Political scientist assesses impact of NYSE sale

December 24, 2012 by Bettye Miller, University of California - Riverside

The announcement this week of the sale of the New York Stock Exhange to IntercontinentalExchange Inc. (ICE) for $8.2 billion reveals the continued ascendance of derivatives in contemporary finance, and may impact the NYSE's regulatory role as a self-regulatory organization., says John W. Cioffi, an associate professor of political science at the University of California, Riverside.

"The strategic logic of this acquisition tells us, first, that traditional equities markets continue to be eclipsed by almost wholly unregulated derivatives trading that nearly destroyed the global financial system in the fall of 2008 and, second, that concentration in financial services remains the dominant trend despite the dangers of institutions that are 'too big to fail," he says.

IntercontinentalExchange, a rival exchange based in Atlanta, is predominantly interested in global derivatives and futures trading, Cioffi explained.

"Buying the NYSE's parent corporation (NYSE Euronext Inc.) allows them to acquire the London-based LIFFE exchange, Europe's second-largest derivatives market, which handles a huge volume of credit default swaps.

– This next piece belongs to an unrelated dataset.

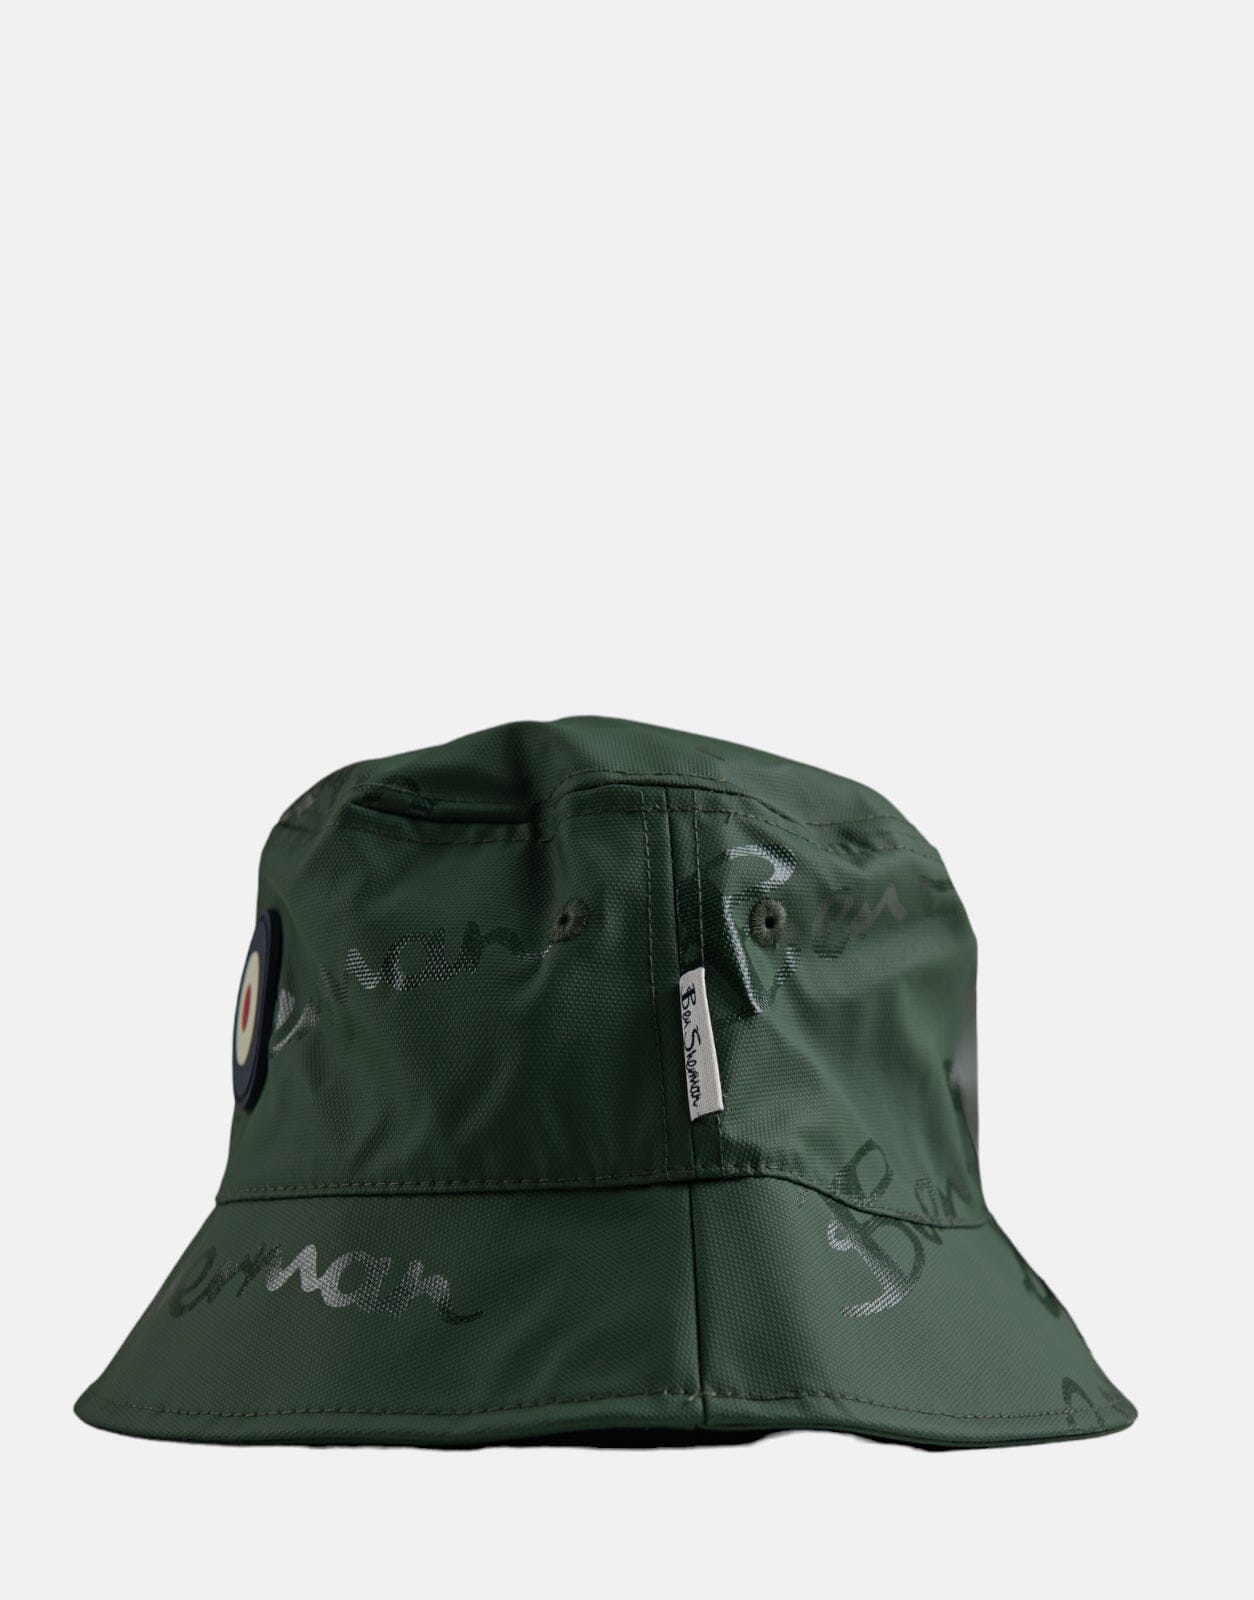 Ben Sherman Wax Target Bucket Hat DKO - Subwear

In fact, this deal may run into trouble with competition and here and in the EU because it increases concentration of ownership across the world's major and stock exchanges," he says.

"However, the moves toward exchange consolidation reflect the weakness of the traditional stock exchanges as they lose volume and transaction share amid market fragmentation and an array of new, competitive trading technologies and platforms. The paradox of the traditional financial exchanges is that they may be too big to fail, yet too small and costly to thrive—and perhaps survive.

"An important question raised by this merger is the effect it may have on the NYSE's regulatory role as a self-regulatory organization. This already eroded public responsibility may be undermined further by the relentless pressures for increasing profits that accompany the 'corporatization' of the NYSE and an ownership more internationally oriented."